A penetration tester discovers during a recent test that an employee in the accounting department had been making changes to a payment system and redirecting money into a personal bank account. The penetration test was immediately stopped. Which of the following would be the BEST recommendation to discourage this type of activity in the future?
Enforcing mandatory employee vacations is an effective fraud prevention strategy. It requires employees to take time off, thereby ensuring that their work is temporarily handled by others who may detect any ongoing fraudulent activities. This practice helps uncover fraudulent tasks that depend on continuous oversight by the same individual and introduces a level of oversight that might reveal discrepancies or irregularities. While multifactor authentication improves security by requiring multiple forms of verification, it does not directly address the issue of employees abusing their legitimate access. Video surveillance and password encryption bolster security, but they do not specifically target internal fraudulent activities. Therefore, enforcing mandatory employee vacations is the best recommendation to discourage this type of activity in the future.
Common question in the CompTIA CySA+ course. Job rotation stop this kind of issue in the workplace
agreed. Seen before and employee vacations is usually the answer. People don't want to get caught slipping by their peers.
If the employee already works in the accounting department, MFA will not stop their actions because they'll already have access by virtue of their job.
mandatory employee vacations wouldn't still discourage such activity. what about after the employee comes back from vacation. I think it's C. Two-person authentication is a type of MFA that requires two individuals to be involved in the authentication process. For example, one person may enter a password, while another person provides a secondary form of verification, such as a biometric or a code sent to a phone.
A is answer
You are confusing MFA with Four Eyes Principle, which are two different things.
It's A.
aaaaaaaaaaa
Pretty sure this was on Sec+. I vaguely remember Professor Messer mentioning something about this when covering insider threats. Regardless, this happened at a bank near me. Controller in accounts receivable department embezzled over $100K over 10 years. Never took PTO. The CFO finally forced her to take vacation and during that time, they discovered she had been stealing.
Among these options, enforcing mandatory employee vacations (Option A) would be the best recommendation, as it could help uncover fraudulent activities that require continuous action by the employee. It may force the fraudulent employee to delegate his tasks, and inconsistencies might be detected during his absence. However, this measure should be part of a broader strategy to monitor for and prevent insider threats, including implementing robust access controls, segregation of duties, continuous monitoring, and regular audits.

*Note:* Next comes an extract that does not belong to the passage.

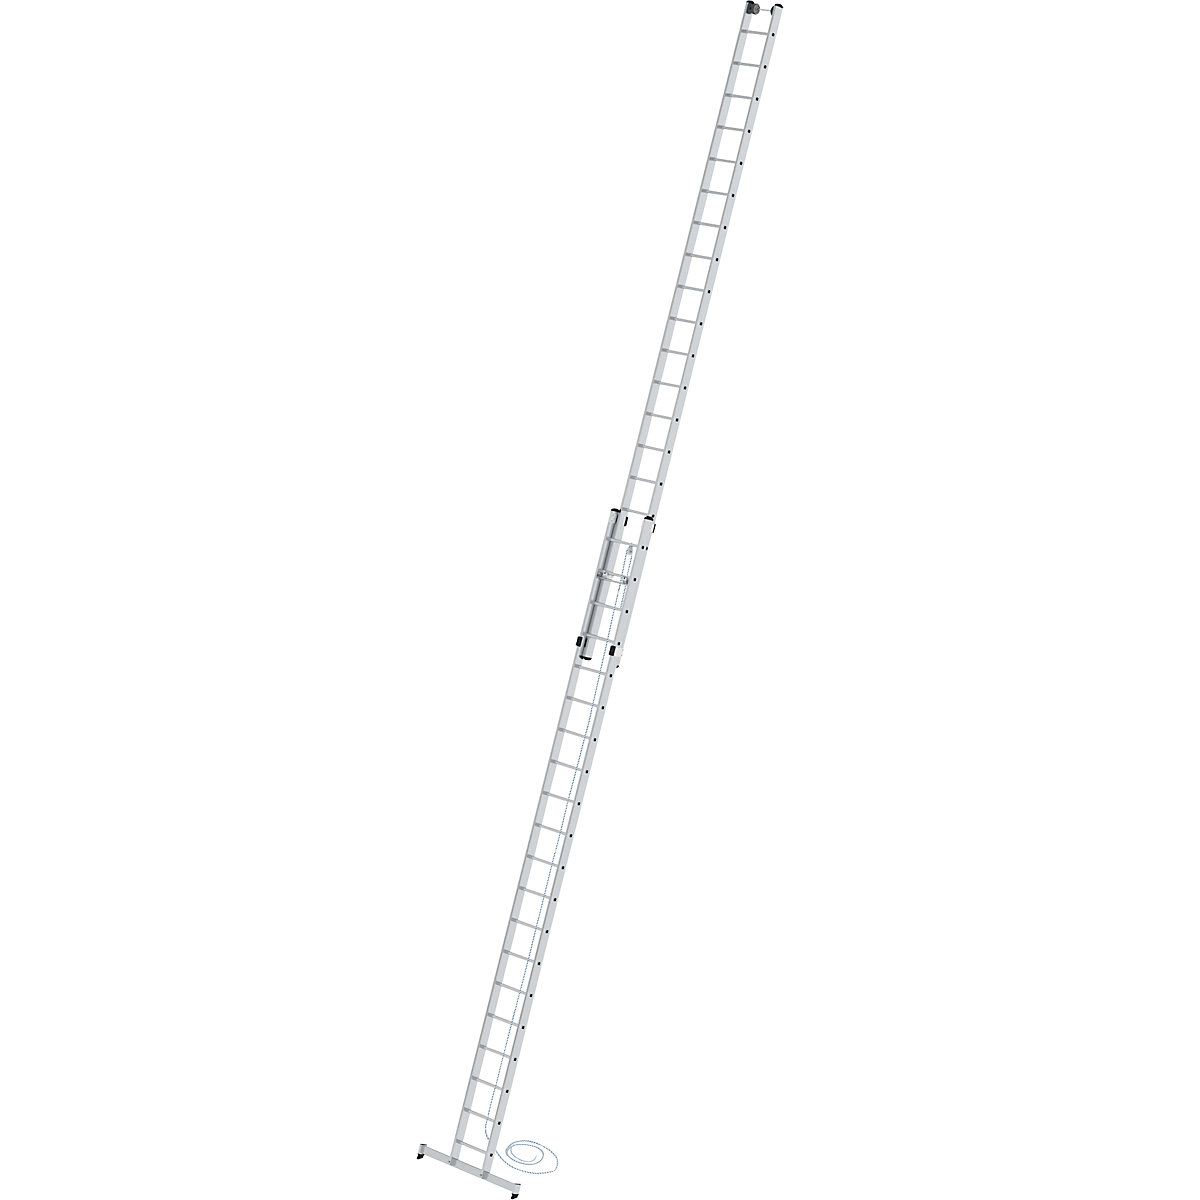 Výškově přestavitelný opěrný žebřík – MUNK, žebřík s lankem, 2dílný s příčníkem nivello®, 2 x 20 příčlí

Another appalling answer. This is definitely A
B. Implement multifactor authentication would be the best recommendation to discourage this type of activity in the future. Multi-factor authentication requires a user to verify their identity through more than just a username and password, such as a one-time code sent to their email or mobile phone. This makes it much harder for unauthorized users to gain access to accounts, thus preventing this type of malicious activity in the future.
A is correct
Enforcing mandatory employee vacations would not necessarily discourage this type of activity in the future, as it would not prevent an individual from having access to financial information when they are in the office. Implementing multifactor authentication, on the other hand, would make it much more difficult for an individual to gain unauthorized access to the financial information, and is therefore the best recommendation in this situation.
https://www.google.com/url?sa=t&source=web&rct=j&url=https://www.examtopics.com/discussions/comptia/view/66648-exam-pt1-002-topic-1-question-47-discussion/&ved=2ahUKEwiey7Ld9dP9AhWQxQIHHcjTCwQQFnoECAgQAQ&usg=AOvVaw15MWiv1jaZi4PXI7fqrqwK A 100% correct answer
A. Enforce mandatory employee vacations: • Enforcing mandatory employee vacations is a well-known fraud prevention strategy. It ensures that employees must take time away from their duties, which can disrupt and potentially expose ongoing fraudulent activities. When an employee is away, their work is often handled by another person, who might notice discrepancies or irregularities that could indicate fraud.
B. Implement multifactor authentication: • While multifactor authentication (MFA) enhances security by adding additional layers of verification, it primarily protects against unauthorized access. It does not directly address internal fraud or the issue of employees with legitimate access abusing their privileges. C. Install video surveillance equipment in the office: • Video surveillance can be useful for monitoring physical security and deterring some types of misconduct. However, it is less effective at preventing and detecting complex fraudulent activities that occur through electronic systems. D. Encrypt passwords for bank account information: • Encrypting passwords is a good security practice for protecting sensitive information, but it does not address the issue of an employee abusing legitimate access to systems to commit fraud. Encryption protects data in storage and transit but does not prevent misuse by authorized users.
No doubt A is the right answer
I think B is more relevant here just like our current payment system where you get and OTP to transfer funds. Mandatory vacation does not really discourage this behavior unless a dedicated auditor who knows what he/she is looking for, will check every money transfer made which would appear as legal transactions and that could be millions.